As in other parables, the story can disconcert us at first and challenge our yardsticks and values. It might seem to us that the laborers hired at the first hour have a just claim when they say they have worked much more than those the householder hired at the last hour of the day. If the master is generous with those who have worked little, why isn’t his generosity shown more clearly to those who have worked longer? But as the owner told one of those complaining: “Friend, I am doing you no wrong; did you not agree with me for a denarius? Take what belongs to you, and go; I choose to give to this last as I give to you. Am I not allowed to do what I choose with what belongs to me? Or do you begrudge my generosity” (vv. 13-15).

The parable teaches us about charity towards God and our neighbor. Since we all receive and benefit from divine mercy in ways we can't even imagine, it makes no sense to demand from God any presumed rights based on justice, or to complain when others benefit from his love. Seeing how generous God is with us requires that we too try to be generous with others.
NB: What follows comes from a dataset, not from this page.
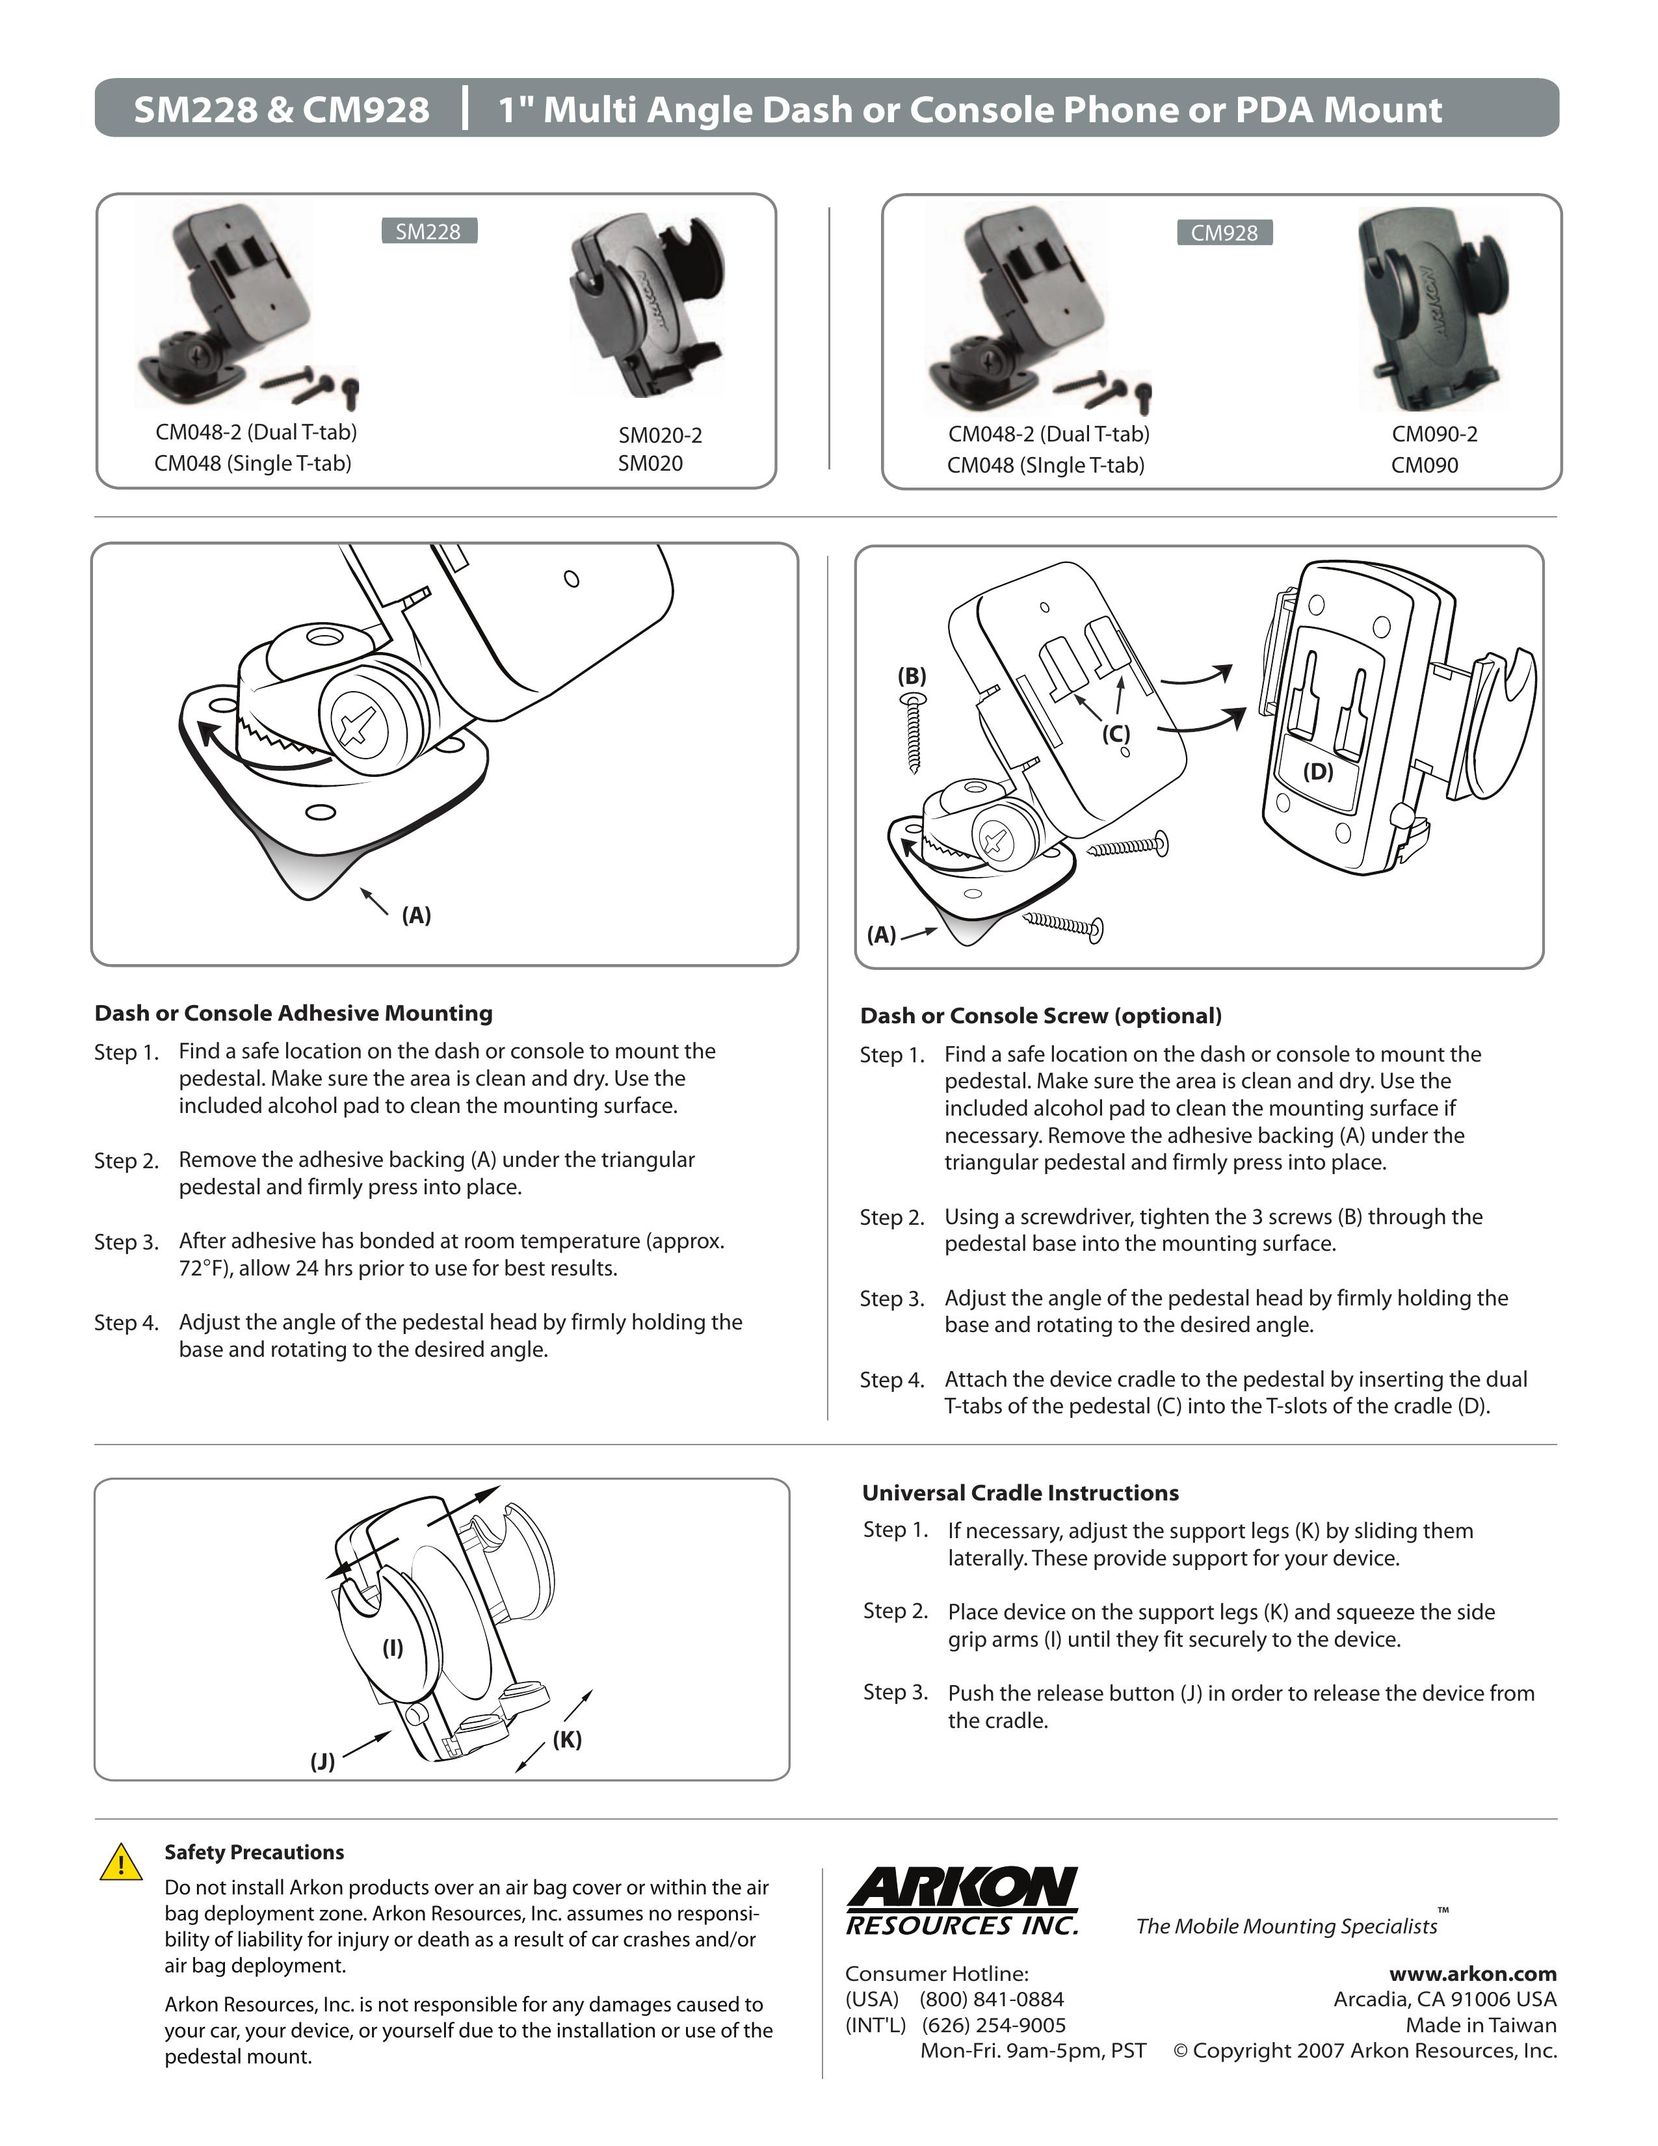 Arkon SM228 Cell Phone Accessories User Manual

As Pope Francis said: “With this parable, Jesus wants to open our hearts to the logic of the Father’s love which is free and generous. It is about allowing oneself to be astonished and fascinated by the ‘thoughts’ and the ‘ways’ of God which, as the Prophet Isaiah recalls, are not our thoughts and not our ways (cf. Is 55:8). Human thoughts are often marked by selfishness and personal advantages, and our narrow and contorted paths are not comparable to the wide and straight streets of the Lord. He uses mercy (do not forget this: He uses mercy): he forgives broadly, and is filled with generosity and kindness which he pours forth on each of us. He opens for everyone the boundless territory of his love and his grace, which alone can give the human heart the fullness of joy.”[1]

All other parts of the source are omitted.